# [The problem]
Write each line again exactly as it is, from the opening line of the records below through the one containing "LEGO Batman Movie", and add nothing.

-- Opening Marker --

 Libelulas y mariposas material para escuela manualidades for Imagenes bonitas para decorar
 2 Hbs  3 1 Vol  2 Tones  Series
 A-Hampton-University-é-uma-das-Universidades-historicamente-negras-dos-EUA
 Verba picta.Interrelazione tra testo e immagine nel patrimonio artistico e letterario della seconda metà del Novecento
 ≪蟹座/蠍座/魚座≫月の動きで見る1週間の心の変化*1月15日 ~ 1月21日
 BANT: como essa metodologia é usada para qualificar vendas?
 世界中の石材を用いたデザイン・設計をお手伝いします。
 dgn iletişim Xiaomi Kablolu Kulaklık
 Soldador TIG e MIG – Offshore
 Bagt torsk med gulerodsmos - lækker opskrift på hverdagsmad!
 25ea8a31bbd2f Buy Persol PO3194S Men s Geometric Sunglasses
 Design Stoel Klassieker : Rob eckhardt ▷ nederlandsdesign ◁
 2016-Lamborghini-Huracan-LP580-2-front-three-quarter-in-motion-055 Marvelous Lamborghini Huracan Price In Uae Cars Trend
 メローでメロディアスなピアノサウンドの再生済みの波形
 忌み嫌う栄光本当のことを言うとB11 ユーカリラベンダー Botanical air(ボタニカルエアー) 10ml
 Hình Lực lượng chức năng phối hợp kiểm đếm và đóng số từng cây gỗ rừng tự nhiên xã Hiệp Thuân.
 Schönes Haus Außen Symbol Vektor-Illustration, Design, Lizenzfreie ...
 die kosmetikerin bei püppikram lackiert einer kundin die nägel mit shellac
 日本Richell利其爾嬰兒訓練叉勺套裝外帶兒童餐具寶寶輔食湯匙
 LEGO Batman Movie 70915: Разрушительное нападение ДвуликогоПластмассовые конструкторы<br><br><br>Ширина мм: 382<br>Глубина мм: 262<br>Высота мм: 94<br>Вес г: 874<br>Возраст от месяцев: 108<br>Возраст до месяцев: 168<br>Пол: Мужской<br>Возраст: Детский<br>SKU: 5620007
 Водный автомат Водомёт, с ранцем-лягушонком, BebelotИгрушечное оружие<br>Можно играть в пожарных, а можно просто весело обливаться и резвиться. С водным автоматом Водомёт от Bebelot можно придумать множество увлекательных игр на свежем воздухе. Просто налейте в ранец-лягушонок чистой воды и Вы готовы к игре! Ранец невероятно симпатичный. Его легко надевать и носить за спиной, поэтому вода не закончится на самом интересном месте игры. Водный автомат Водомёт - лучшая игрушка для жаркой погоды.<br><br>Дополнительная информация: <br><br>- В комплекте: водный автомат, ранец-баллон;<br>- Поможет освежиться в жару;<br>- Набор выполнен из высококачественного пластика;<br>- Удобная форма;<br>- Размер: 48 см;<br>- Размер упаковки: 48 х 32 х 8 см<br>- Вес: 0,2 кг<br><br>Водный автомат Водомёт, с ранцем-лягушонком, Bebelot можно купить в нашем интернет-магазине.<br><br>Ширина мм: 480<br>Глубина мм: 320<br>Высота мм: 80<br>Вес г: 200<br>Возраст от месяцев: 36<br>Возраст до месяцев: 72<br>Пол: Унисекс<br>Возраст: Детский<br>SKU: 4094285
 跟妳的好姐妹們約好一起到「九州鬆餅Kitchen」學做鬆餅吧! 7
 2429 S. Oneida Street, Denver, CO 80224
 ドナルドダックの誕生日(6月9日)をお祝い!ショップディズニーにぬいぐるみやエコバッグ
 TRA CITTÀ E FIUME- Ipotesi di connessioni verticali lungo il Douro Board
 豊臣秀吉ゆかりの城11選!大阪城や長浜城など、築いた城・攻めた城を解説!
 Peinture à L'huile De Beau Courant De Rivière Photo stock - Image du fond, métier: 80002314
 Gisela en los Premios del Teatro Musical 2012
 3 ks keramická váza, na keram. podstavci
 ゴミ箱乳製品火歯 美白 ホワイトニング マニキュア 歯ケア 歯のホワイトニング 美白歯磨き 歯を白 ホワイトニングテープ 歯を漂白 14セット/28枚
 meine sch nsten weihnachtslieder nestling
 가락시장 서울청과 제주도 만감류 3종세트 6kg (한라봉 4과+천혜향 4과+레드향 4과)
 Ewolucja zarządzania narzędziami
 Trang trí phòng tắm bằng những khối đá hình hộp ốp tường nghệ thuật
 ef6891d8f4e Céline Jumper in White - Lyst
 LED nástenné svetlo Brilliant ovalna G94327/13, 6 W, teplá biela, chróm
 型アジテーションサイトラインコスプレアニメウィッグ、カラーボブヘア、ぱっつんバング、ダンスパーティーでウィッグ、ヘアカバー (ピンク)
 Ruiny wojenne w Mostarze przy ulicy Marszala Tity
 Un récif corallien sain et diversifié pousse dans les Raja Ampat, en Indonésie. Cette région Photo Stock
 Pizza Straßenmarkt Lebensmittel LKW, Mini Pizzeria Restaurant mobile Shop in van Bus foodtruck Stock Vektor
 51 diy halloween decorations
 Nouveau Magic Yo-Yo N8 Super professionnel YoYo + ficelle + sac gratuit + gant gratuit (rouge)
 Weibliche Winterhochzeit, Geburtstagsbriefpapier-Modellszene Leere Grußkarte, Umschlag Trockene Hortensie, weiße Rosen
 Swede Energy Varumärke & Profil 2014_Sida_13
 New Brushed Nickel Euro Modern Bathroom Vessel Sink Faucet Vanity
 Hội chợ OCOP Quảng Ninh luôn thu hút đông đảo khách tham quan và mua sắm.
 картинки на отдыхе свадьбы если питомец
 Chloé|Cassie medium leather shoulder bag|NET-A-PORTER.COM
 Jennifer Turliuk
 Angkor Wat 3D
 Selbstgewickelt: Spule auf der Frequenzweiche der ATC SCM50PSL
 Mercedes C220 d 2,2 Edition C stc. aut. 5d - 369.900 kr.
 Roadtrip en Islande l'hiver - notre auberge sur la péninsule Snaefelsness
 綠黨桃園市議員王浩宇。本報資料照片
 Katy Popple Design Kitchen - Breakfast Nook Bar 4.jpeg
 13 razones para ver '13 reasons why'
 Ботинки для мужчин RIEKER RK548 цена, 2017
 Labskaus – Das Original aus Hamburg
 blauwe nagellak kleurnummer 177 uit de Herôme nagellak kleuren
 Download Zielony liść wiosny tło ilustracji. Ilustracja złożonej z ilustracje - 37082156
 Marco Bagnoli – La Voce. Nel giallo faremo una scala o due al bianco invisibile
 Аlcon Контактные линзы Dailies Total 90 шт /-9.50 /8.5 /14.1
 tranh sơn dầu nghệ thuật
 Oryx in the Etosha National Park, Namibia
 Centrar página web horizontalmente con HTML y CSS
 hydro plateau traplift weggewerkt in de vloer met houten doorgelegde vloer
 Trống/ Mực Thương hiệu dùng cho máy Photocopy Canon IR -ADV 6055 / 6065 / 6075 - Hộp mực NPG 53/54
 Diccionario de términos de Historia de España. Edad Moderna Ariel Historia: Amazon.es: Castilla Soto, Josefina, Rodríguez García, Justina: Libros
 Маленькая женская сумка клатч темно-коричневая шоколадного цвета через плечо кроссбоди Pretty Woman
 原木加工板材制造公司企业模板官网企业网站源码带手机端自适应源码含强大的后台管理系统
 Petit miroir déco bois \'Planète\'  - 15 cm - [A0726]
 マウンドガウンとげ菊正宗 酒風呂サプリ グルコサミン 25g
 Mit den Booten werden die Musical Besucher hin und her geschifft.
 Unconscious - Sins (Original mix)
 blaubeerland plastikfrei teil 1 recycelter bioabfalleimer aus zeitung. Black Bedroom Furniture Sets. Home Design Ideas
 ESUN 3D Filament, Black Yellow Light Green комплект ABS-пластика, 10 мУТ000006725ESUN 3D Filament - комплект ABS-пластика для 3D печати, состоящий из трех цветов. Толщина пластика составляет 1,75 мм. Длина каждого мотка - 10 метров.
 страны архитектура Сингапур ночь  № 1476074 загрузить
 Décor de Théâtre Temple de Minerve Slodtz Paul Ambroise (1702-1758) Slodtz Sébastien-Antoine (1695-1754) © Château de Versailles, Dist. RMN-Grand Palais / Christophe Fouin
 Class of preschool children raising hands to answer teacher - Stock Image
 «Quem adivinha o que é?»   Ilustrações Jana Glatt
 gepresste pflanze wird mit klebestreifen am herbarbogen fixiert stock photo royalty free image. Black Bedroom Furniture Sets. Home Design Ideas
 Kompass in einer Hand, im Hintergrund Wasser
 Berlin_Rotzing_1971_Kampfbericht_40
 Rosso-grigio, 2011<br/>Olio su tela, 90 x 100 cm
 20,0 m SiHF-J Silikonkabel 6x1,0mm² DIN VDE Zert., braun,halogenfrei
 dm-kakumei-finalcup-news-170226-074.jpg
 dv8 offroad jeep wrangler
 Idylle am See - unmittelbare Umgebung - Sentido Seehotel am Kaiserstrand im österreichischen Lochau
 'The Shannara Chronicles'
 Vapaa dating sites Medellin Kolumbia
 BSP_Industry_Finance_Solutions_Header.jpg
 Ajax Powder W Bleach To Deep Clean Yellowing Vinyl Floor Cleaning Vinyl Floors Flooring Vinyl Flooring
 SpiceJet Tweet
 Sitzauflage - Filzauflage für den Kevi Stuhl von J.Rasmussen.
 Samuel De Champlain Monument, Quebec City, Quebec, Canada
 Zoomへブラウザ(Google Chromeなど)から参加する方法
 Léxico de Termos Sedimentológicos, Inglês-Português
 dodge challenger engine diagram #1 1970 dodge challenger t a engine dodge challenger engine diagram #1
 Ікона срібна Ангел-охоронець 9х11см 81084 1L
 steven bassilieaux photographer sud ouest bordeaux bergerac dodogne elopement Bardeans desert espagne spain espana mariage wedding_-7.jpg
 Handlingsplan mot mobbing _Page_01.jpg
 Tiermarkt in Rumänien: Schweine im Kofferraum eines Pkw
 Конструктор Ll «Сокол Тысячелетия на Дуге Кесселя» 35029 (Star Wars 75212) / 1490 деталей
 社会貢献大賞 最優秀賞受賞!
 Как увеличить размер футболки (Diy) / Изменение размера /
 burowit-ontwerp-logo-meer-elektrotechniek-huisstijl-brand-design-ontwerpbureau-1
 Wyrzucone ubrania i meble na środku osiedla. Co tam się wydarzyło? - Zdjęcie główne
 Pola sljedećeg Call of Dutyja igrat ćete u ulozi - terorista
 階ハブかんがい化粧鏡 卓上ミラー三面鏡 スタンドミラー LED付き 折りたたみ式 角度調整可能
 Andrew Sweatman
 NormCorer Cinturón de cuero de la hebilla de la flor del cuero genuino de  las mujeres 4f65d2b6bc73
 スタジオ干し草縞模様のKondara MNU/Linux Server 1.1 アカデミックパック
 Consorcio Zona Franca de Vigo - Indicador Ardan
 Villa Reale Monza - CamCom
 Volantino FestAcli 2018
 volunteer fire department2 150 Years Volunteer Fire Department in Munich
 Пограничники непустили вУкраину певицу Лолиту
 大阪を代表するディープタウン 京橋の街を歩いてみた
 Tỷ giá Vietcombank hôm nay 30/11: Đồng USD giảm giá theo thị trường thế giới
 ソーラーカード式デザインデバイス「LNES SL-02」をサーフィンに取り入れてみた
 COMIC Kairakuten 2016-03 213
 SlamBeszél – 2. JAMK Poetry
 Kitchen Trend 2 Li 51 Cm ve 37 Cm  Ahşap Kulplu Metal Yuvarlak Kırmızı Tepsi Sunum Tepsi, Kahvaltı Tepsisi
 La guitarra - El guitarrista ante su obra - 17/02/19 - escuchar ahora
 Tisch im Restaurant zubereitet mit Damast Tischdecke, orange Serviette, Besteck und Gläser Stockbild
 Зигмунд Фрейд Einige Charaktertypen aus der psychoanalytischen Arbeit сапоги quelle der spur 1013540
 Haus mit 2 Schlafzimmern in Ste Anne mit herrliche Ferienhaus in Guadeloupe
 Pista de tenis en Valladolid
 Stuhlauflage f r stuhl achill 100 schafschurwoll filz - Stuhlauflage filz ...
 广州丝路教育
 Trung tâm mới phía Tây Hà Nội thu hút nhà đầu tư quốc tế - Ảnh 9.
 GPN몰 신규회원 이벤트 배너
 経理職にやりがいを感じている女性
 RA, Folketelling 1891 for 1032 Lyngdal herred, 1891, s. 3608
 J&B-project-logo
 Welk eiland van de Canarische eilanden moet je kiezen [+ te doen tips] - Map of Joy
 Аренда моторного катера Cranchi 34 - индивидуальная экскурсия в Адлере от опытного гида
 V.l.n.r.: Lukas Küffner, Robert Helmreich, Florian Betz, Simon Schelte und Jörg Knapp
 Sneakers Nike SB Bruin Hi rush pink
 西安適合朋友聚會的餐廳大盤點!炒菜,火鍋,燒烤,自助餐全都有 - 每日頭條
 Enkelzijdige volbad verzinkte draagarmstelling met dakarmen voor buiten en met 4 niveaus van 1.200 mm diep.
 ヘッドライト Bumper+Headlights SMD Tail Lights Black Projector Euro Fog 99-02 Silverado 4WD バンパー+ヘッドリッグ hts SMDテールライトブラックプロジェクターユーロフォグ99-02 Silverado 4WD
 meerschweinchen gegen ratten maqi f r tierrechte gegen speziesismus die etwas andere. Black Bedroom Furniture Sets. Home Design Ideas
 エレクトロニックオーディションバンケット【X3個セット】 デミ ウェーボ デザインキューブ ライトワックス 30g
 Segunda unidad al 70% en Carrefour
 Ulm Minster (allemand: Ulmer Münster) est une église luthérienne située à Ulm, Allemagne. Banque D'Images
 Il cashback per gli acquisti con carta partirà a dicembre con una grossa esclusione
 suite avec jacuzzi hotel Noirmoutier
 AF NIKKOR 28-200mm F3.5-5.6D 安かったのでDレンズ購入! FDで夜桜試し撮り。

-- Closing Marker --

# [Solution to this exercise]
 Libelulas y mariposas material para escuela manualidades for Imagenes bonitas para decorar
 2 Hbs  3 1 Vol  2 Tones  Series
 A-Hampton-University-é-uma-das-Universidades-historicamente-negras-dos-EUA
 Verba picta.Interrelazione tra testo e immagine nel patrimonio artistico e letterario della seconda metà del Novecento
 ≪蟹座/蠍座/魚座≫月の動きで見る1週間の心の変化*1月15日 ~ 1月21日
 BANT: como essa metodologia é usada para qualificar vendas?
 世界中の石材を用いたデザイン・設計をお手伝いします。
 dgn iletişim Xiaomi Kablolu Kulaklık
 Soldador TIG e MIG – Offshore
 Bagt torsk med gulerodsmos - lækker opskrift på hverdagsmad!
 25ea8a31bbd2f Buy Persol PO3194S Men s Geometric Sunglasses
 Design Stoel Klassieker : Rob eckhardt ▷ nederlandsdesign ◁
 2016-Lamborghini-Huracan-LP580-2-front-three-quarter-in-motion-055 Marvelous Lamborghini Huracan Price In Uae Cars Trend
 メローでメロディアスなピアノサウンドの再生済みの波形
 忌み嫌う栄光本当のことを言うとB11 ユーカリラベンダー Botanical air(ボタニカルエアー) 10ml
 Hình Lực lượng chức năng phối hợp kiểm đếm và đóng số từng cây gỗ rừng tự nhiên xã Hiệp Thuân.
 Schönes Haus Außen Symbol Vektor-Illustration, Design, Lizenzfreie ...
 die kosmetikerin bei püppikram lackiert einer kundin die nägel mit shellac
 日本Richell利其爾嬰兒訓練叉勺套裝外帶兒童餐具寶寶輔食湯匙
 LEGO Batman Movie 70915: Разрушительное нападение ДвуликогоПластмассовые конструкторы<br><br><br>Ширина мм: 382<br>Глубина мм: 262<br>Высота мм: 94<br>Вес г: 874<br>Возраст от месяцев: 108<br>Возраст до месяцев: 168<br>Пол: Мужской<br>Возраст: Детский<br>SKU: 5620007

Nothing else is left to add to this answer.